3.4. Association between Gut Microbial Signature and Vascular Inflammation
The time-dependent association between gut microbes (genera) and monocyte binding to vasculature was assessed using the data from 4-week (C4, D4, D4B3), 8-week (C8, D8, D8B3), and 12-week (C12, D12, D12B3) cohorts. Several genera were positively or negatively associated with monocyte binding to the vasculature depending on the duration of the treatment (Figure 6A). We also identified the association between the specific genera and indices of vascular inflammation (monocyte binding to the vasculature and expression of inflammatory molecules such as MCP1, IL8, ICAM1, VCAM1, and E-SEL) in the 12-week cohort using the data from C12, D12, and D12B3 mice. Many of the genera positively associated with the inflammatory markers were also positively associated with monocyte binding to the vasculature (Figure 6B). Similarly, many of the genera negatively associated with the inflammatory markers were also negatively associated with monocyte binding to the vasculature (Figure 6B).
4. Discussion
Emerging evidence from epidemiological, clinal, and preclinical studies indicates the vascular beneficial effects of consuming blueberries. However, dietary blueberries’ dose- and time-dependent effects on diabetic vasculature and their association with gut microbes are unknown. In the present study, we determined whether the effect of dietary blueberries on diabetic vasculature is dose/time-dependent and identified whether these effects are associated with specific gut microbes. First, dietary supplementation of blueberries for 4, 8, or 12 weeks suppressed vascular inflammation in diabetic mice at a dosage equivalent to the human consumption of 1.5 cups of fresh blueberries. This effect was not secondary to an improvement in the metabolic milieu, suggesting the direct effect of blueberry bioactives on diabetic vasculature. Second, dietary blueberries ameliorated diabetes-induced gut dysbiosis that depended on the dose and duration of the treatment. Third, opportunistic microbes were positively associated, whereas commensal microbes were negatively associated with indices of vascular inflammation. Finally, dietary blueberries reduced the opportunistic microbe Desulfovibrio that was positively associated with vascular inflammation, and increased the commensal microbe Akkermansia that was negatively associated with vascular inflammation.

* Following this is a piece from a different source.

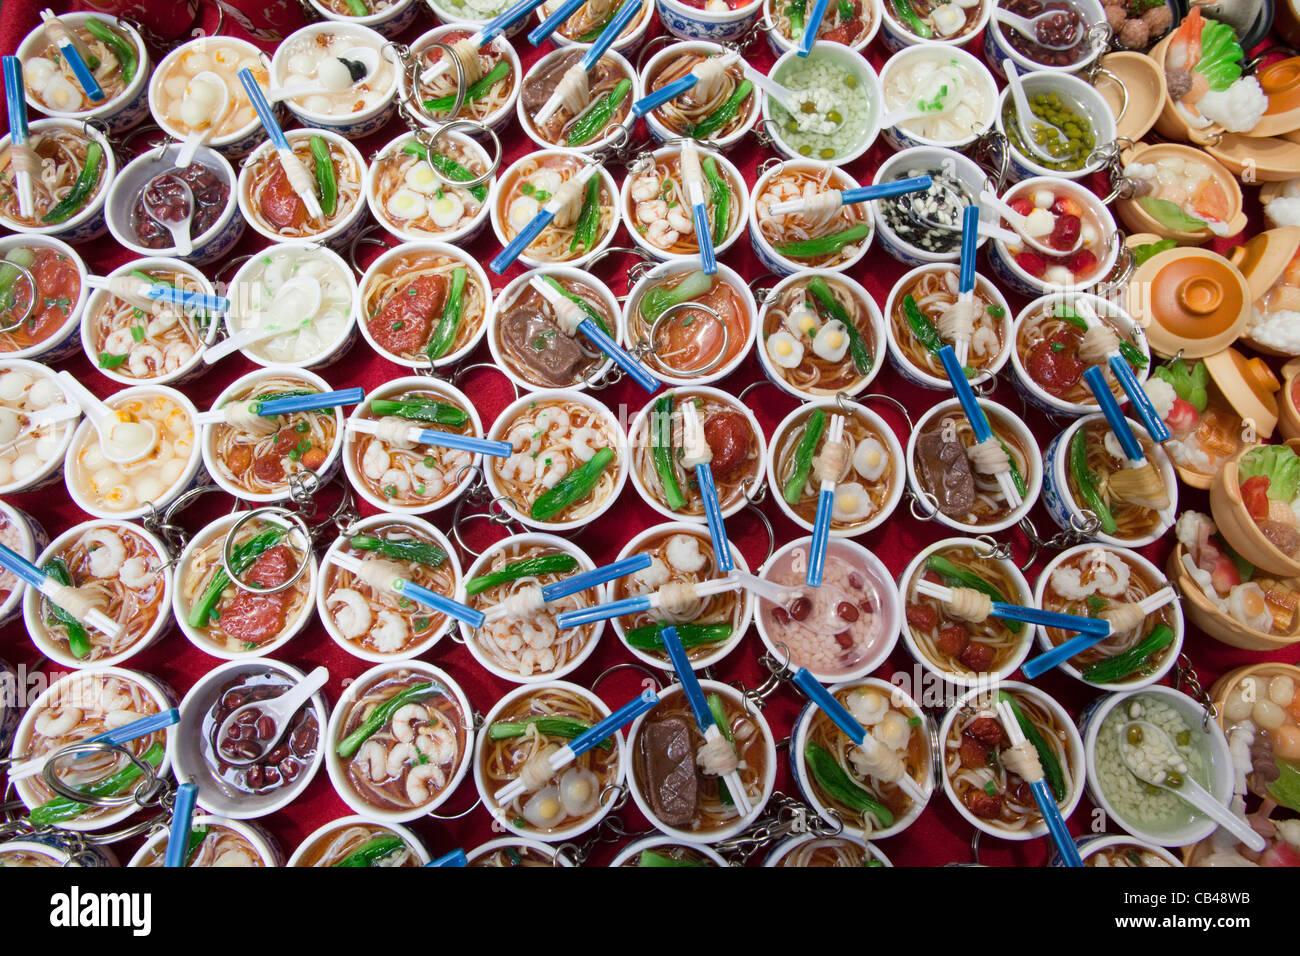 Cina, Hong Kong, il Mercato Stanley, Souvenir Keyring cinese di ciotole di cibo Immagini Stock
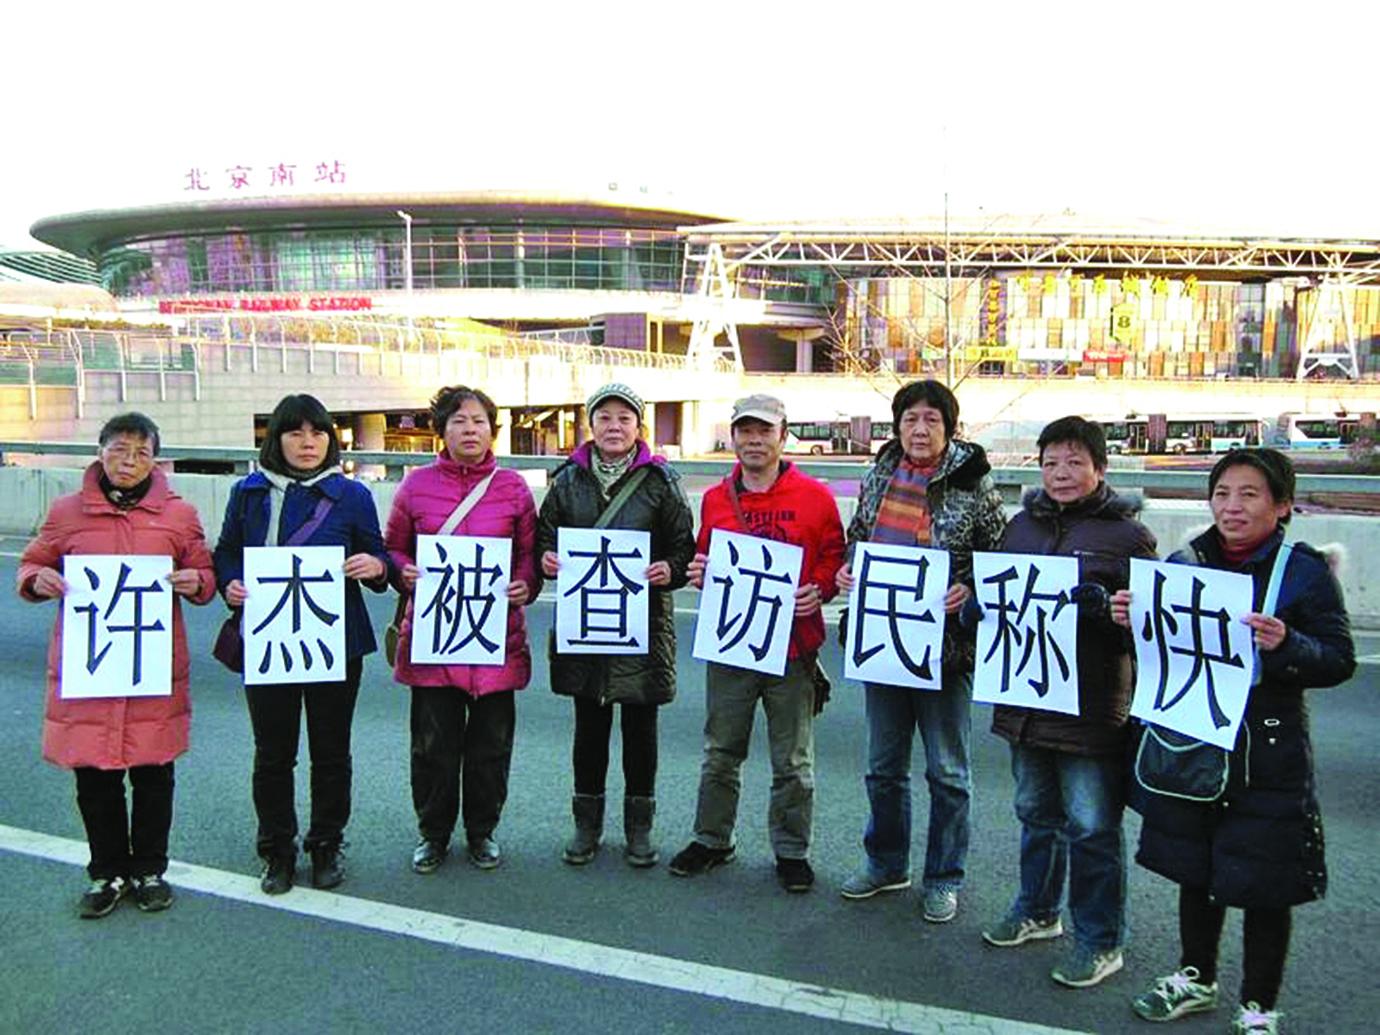 2013年11月28日,上海訪民得知中共信訪局副局長許傑落馬後,舉牌慶賀。(知情者提供)

Monocyte binding to the inflammatory vasculature is a key initial event involved in atherosclerosis and is a potential target to prevent vascular disease [3]. Cardiovascular risk factors such as high glucose and dyslipidemia activate the vascular endothelium to secrete inflammatory chemokines (MCP1 and IL8) and adhesion molecules (ICAM1, VCAM1, and E-Selectin), which leads to monocyte binding to the vasculature and the subsequent vascular inflammation [3,13]. In the present study, blueberry supplementation at the nutritional dosage (equivalent to human consumption of ~1.5 cups of fresh blueberries) suppressed monocyte binding to the diabetic vasculature and reduced the mRNA expression of MCP1, IL8, and VCAM1. This is consistent with previous human studies supporting the vascular beneficial effects of dietary blueberries. Blueberry intake was shown to increase endothelium-dependent vessel relaxation in healthy humans in a dose-dependent manner [5]. In the present study, the metabolic parameters that were altered in diabetic mice were not improved with blueberry supplementation. We recently showed that blueberry metabolites suppress endothelium inflammation in endothelial cells isolated from individuals with type 2 diabetes and improve lipotoxicity-induced endothelial dysfunction [4,23]. Our previous and current data suggest that the observed vascular effects of blueberries could be mediated by the direct effect of their circulating metabolites on the vasculature.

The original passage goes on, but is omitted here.